Description of the data and file structure
The warburton_subspecies_bayesr dataset contains the data from the subspecies BayesR analysis using the 728,785 SNP on the Bovine HD array. In this data the headings are Subspecies_SNP, PIP1, PIP2, PIP3, PIP4 and beta. In order to use this file to replicate the results discussed in this article, posterior probability of inclusions need to be calculated for each SNP. This can be calculated as described above, for example 1  PIP1 for each SNP. There are three copies of each of the BovineHD array SNP in this file. In this dataset a Subspecies_SNP name with no suffix is the Bos indicus subspecies SNP, the Subspecies_SNP name with the "_A" suffix is the Bos taurus subspecies SNP and the Subspecies_SNP name with the "_B" is the Bos indicus x Bos taurus subspecies SNP. After calculating the posterior probability of inclusion for each Subspecies_SNP the results can be graphed using software of choice.
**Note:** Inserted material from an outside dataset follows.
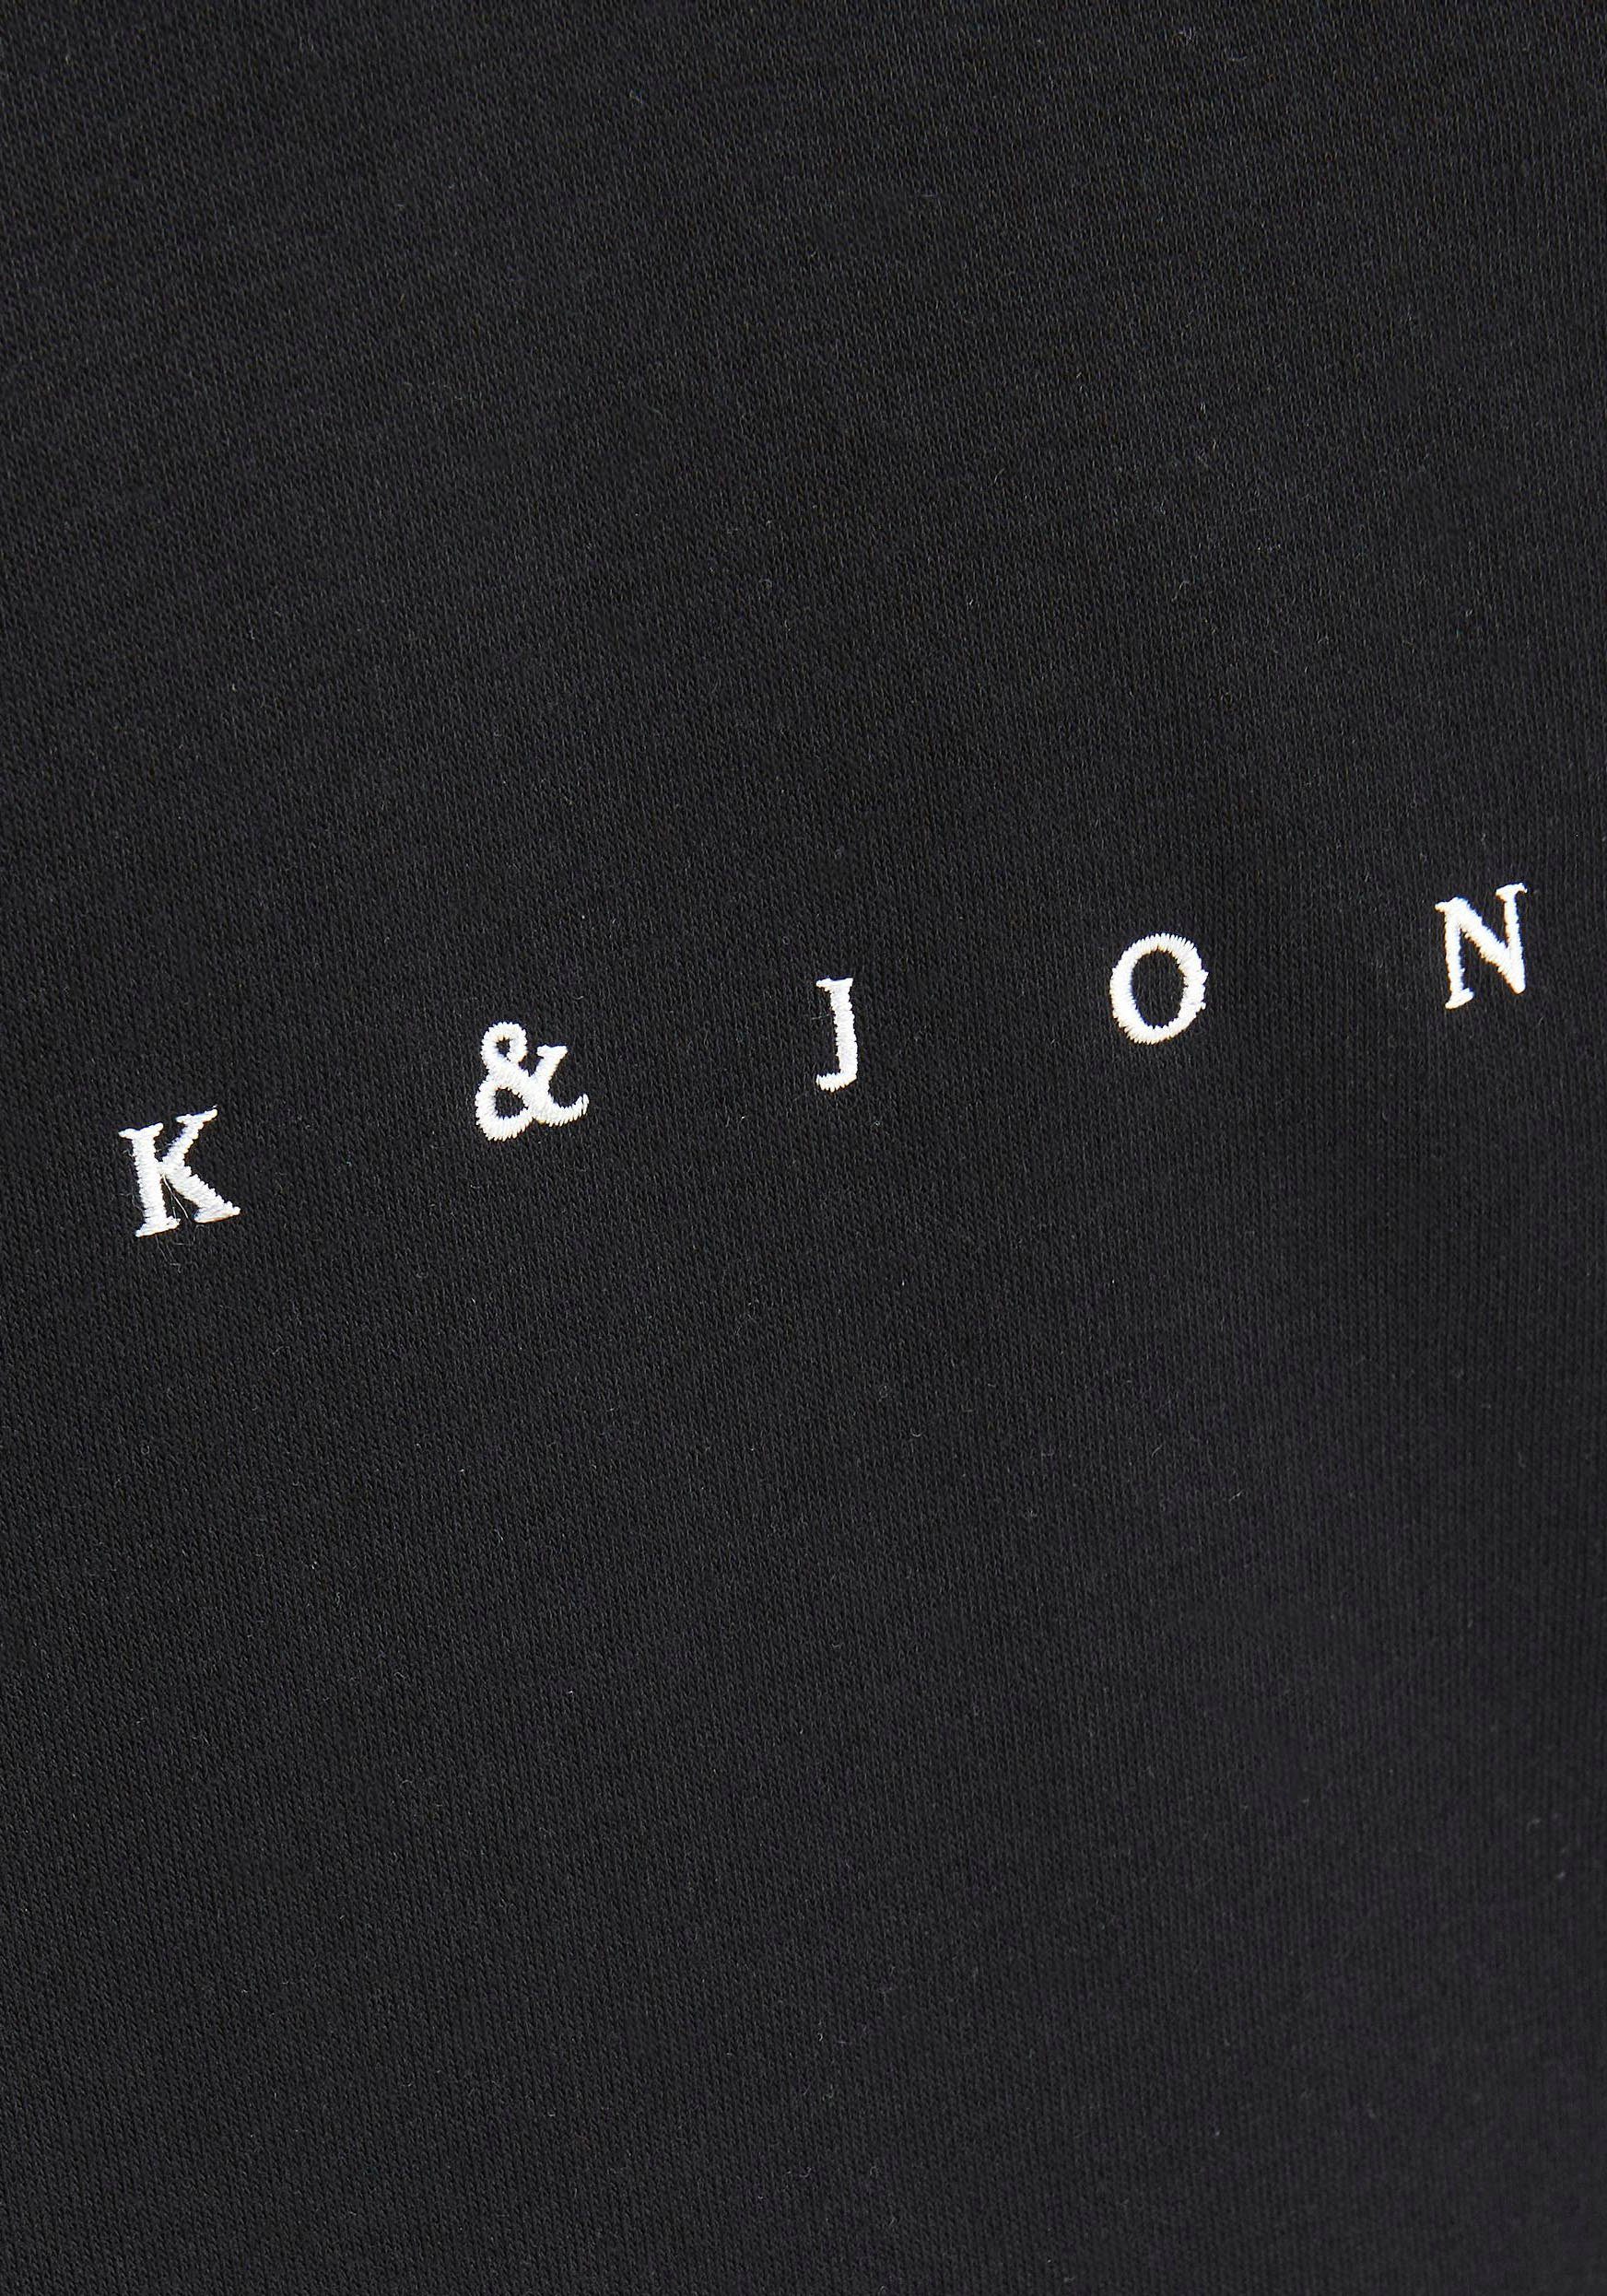 Jack & NOOS Detail Junior JORCOPENHAGEN JNR Black SWEAT Kapuzensweatshirt Jones HOOD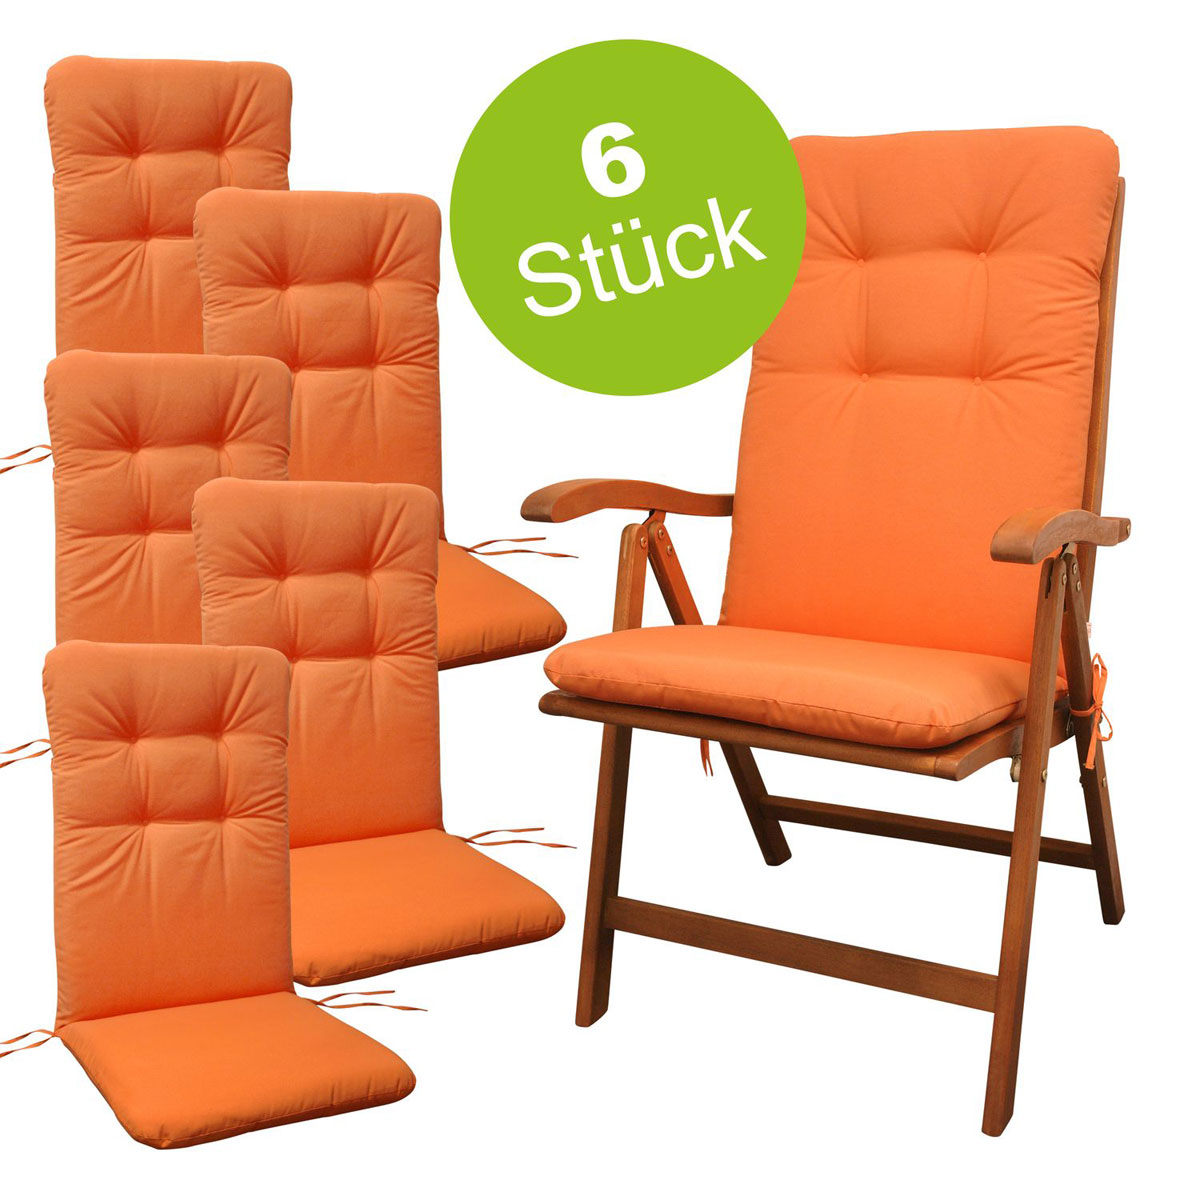 Polsterauflage Indoba Orange 6x 6 | Relax Sitzauflage Hochlehner | Stück K000021843

The warburton_control_bayesr dataset contains posterior probabilities of the 728,785 SNP on the BovineHD array. It has the headings SNP, PIP1, PIP2, PIP3, PIP4 and beta. As for the subspecies BayesR dataset, posterior probability of inclusion needs to be calculated for each SNP and may be graphed using software of choice.
Code/Software
The Xmatrix used in the Subspecies BayesR analysis was created using Julia code which is publicly available on Github
https://github.com/cwarburton85/Subspecies\_Xmatrix.
Methods
This dataset is the posterior probabilities of inclusion from the subspecies specific Bayes R analysis using the subspecies specific Xmatrix using the Bovine HD array. Each Bovine HD array SNP is repeated 3 times in the file. The subspecies SNP can be differentiated by SNP name, the first SNP is the Bos indicus subspecies SNP, the "_A" SNP is the Bos taurus subspecies SNP and the "_B" SNP is the Bos indicus x Bos taurus subspecies SNP (Bx).